In conservative circles, the notion of an anti-Tory broadcast bias has become orthodox. At a time when conservatism rails against groupthink, how curious that those critical faculties are not deployed against this trope. Though TV channels may be in danger of being mushily centrist, they are certainly not left wing, nor in my experience do individual broadcasters’ politics make much difference to output. Broadcast journalists, of course, have views; the difference between GB News and its rivals is that the latter try and filter them out. They have processes to mitigate bias and get as close to due impartiality and balance as possible, even if they sometimes fail. GB News does not. Indeed, its guiding belief is that it shouldn’t try; that it exists in a broadcast landscape dominated by the left and needs to offer something different, something that isn’t duly impartial but truly impartial. GB News views itself as the embodiment of the “real” or “authentic” public, hence its “people’s channel” moniker. It is, more or less, the Daily Mail at the end of a remote control.

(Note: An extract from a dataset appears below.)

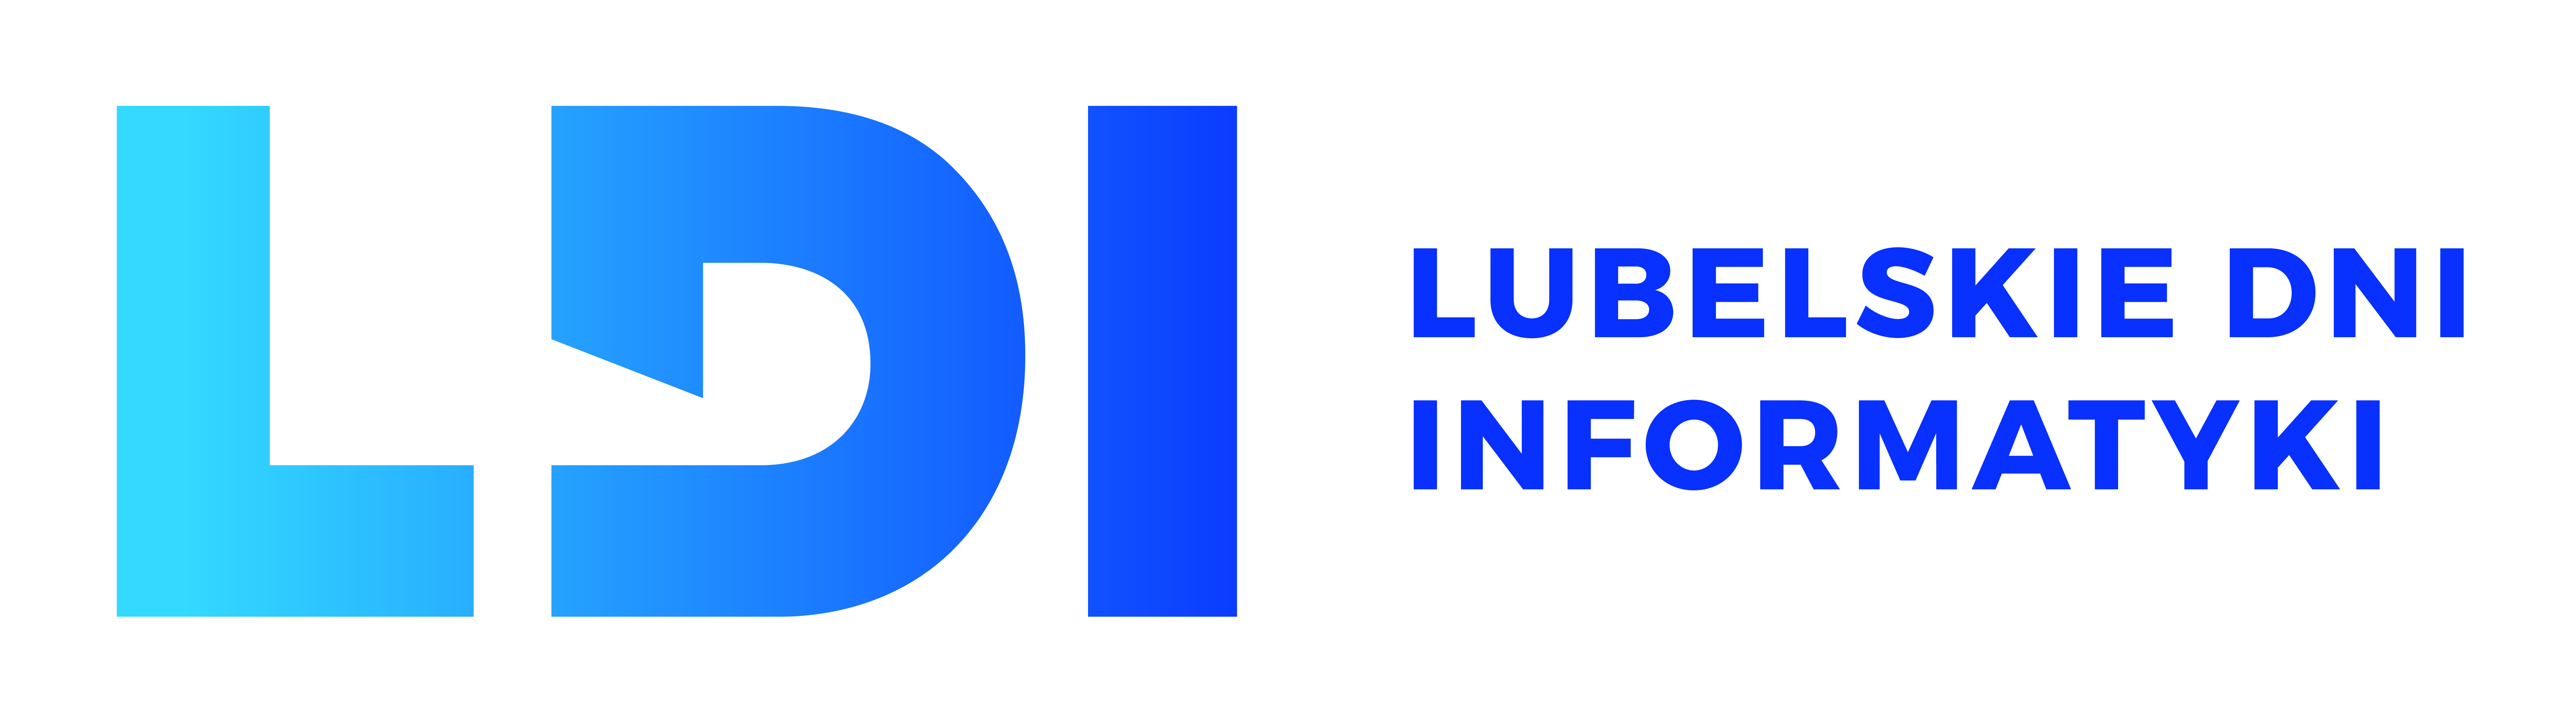 lubelskie-dni-informatyki-2020

This isn’t to say GB News offers nothing of value. Watch it and you find a channel with some daring, if occasionally surreal, production. John Cleese’s new show involved an interview with the former Who Wants to Be a Millionaire? host Chris Tarrant, discussing the evils of the tabloid press in the hall of a castle. “Farage at Large”, in which the former Brexit Party leader goes to parts of the country rarely graced by TV cameras, is an arresting watch, not least because he is a very skilful broadcaster. GB News has hired some excellent reporters, including the former Sky News home affairs correspondent Mark White and the former Daily Telegraph associate editor Christopher Hope.
What it isn’t is a news channel, in the sense that we have traditionally understood the term. The stream of Conservative politicians presenting on it poses big questions for the political and media class. More and more Labour MPs wonder whether an incoming Starmer government should ask Ofcom to intervene over the insurgent network. Perhaps Rishi Sunak should get ahead of them – the best thing he could do for the future of his party is neutralise a TV news channel that will only intensify the Tory party’s radicalisation in opposition.
There’s something to be said for GB News’s pushing of the boundaries. TV news can be a solid place. But to paraphrase Hugh Gaitskell, if we’re going to end 50 years of TV news, my goodness, it is a decision that needs a little care and thought. If Johnson being given his own show isn’t enough to start a serious conversation about the channel’s future, then I’m not sure what will.